This bird (Kiko) is so fun to watch as he goes around discovering things. He found a rubber band (that I guess was under the bed) today and entertained himself for the longest. He steps on one end and pulls the other end with his beak, stretching the bands as far as his neck will stretch. Tooooo funny  

After he lost interest I picked up the rubber band and put it away. It's like trying to keep up with a 3 year old toddler; into everything! When he comes running into the room you can here the little pounding of his feet on the floor rapidly approaching. Kalani, on the other hand, is my sweet little angel. She is so gentle. She is happy as long as she is sitting next to me or on her eggs. I guess they're my little angel and my little devil.


----------



## Kiko&Kalani (Aug 10, 2010)

Well he did it, I don't know how, but he did. Somehow he found another rubber band and mangaged to get it around his neck! Good grief, what a little devil he is.

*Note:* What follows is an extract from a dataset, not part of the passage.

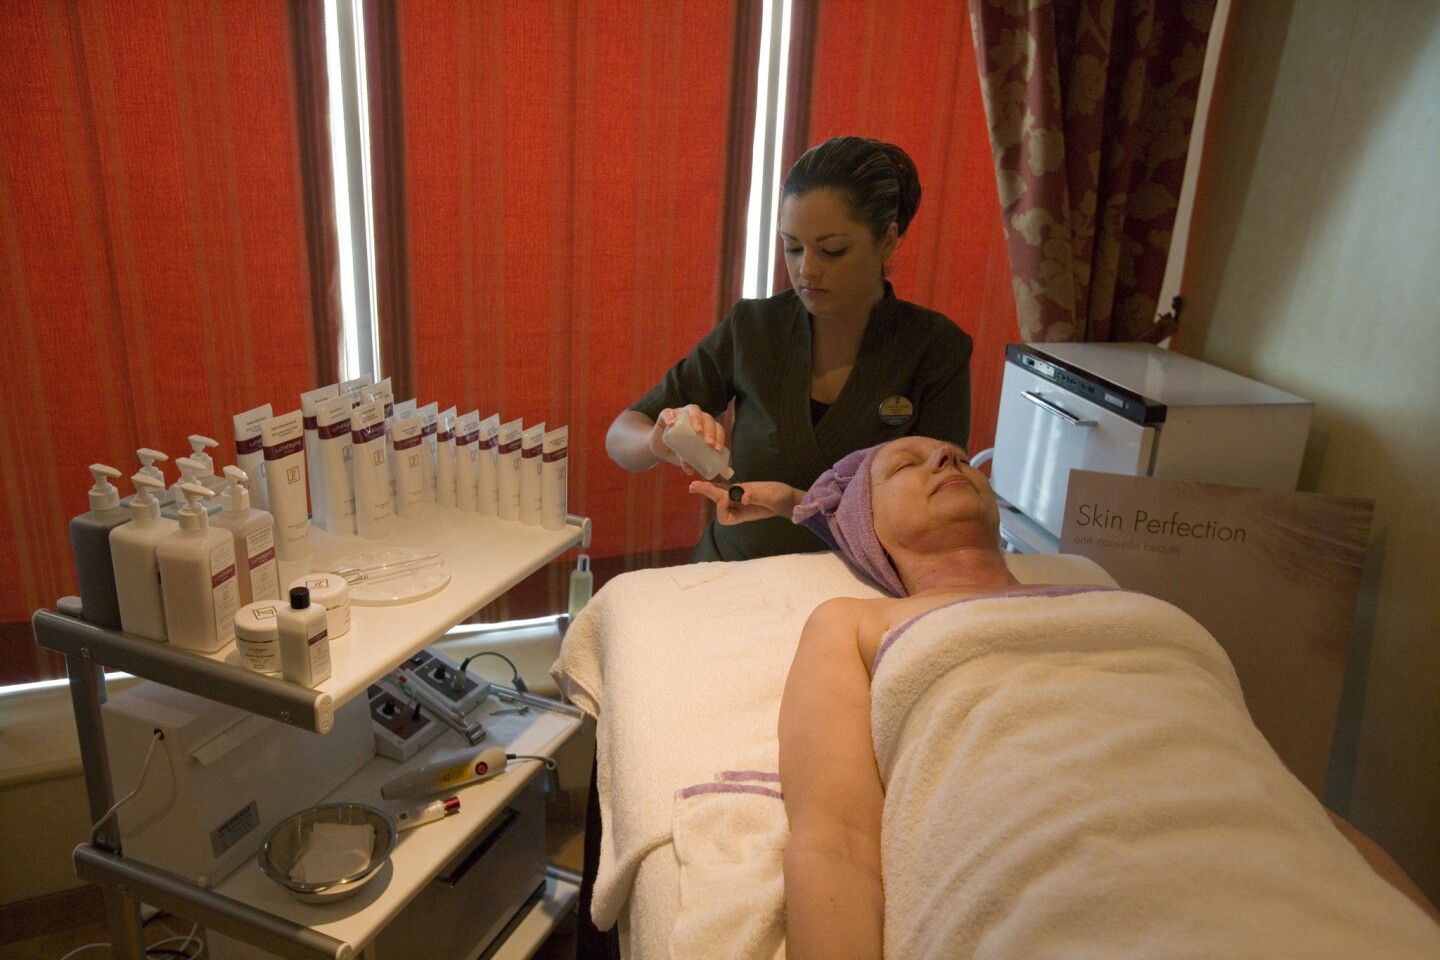 Royal Caribbean's Freedom of the Seas has the Freedom Day Spa on Deck 11, offering such services as stone therapy. On any cruise ship, it's a good idea to book spa services soon after you get onboard -- but check out the facilities first.

Here's a pic 

View attachment 17874


----------



## drifter (Oct 7, 2009)

Has he learnt how to flush the commode yet?


----------



## Kiko&Kalani (Aug 10, 2010)

grifter said:


> Has he learnt how to flush the commode yet?


LOL! Not yet. He seems to be devoting his time to less constructive activities at the moment. Actually, he is a bit ticked off with me. I had to move their "food court" yesterday and relocate it because it was in the same place I put the air mattress when mom comes to visit. I wanted them to get used to having it in the new location. Kalani was fine with that, Kiko was definately not. I got lots of ambush peck-attacks all day yesterday. It was like scene out of "Birds", scary. He's probably thinking of his revenge for today. That bird is almost diabolical!

He's so sweet when he sleeps! He woke up and started to move away just as I was taking the pic (that birds got camera radar). 
View attachment 17879


----------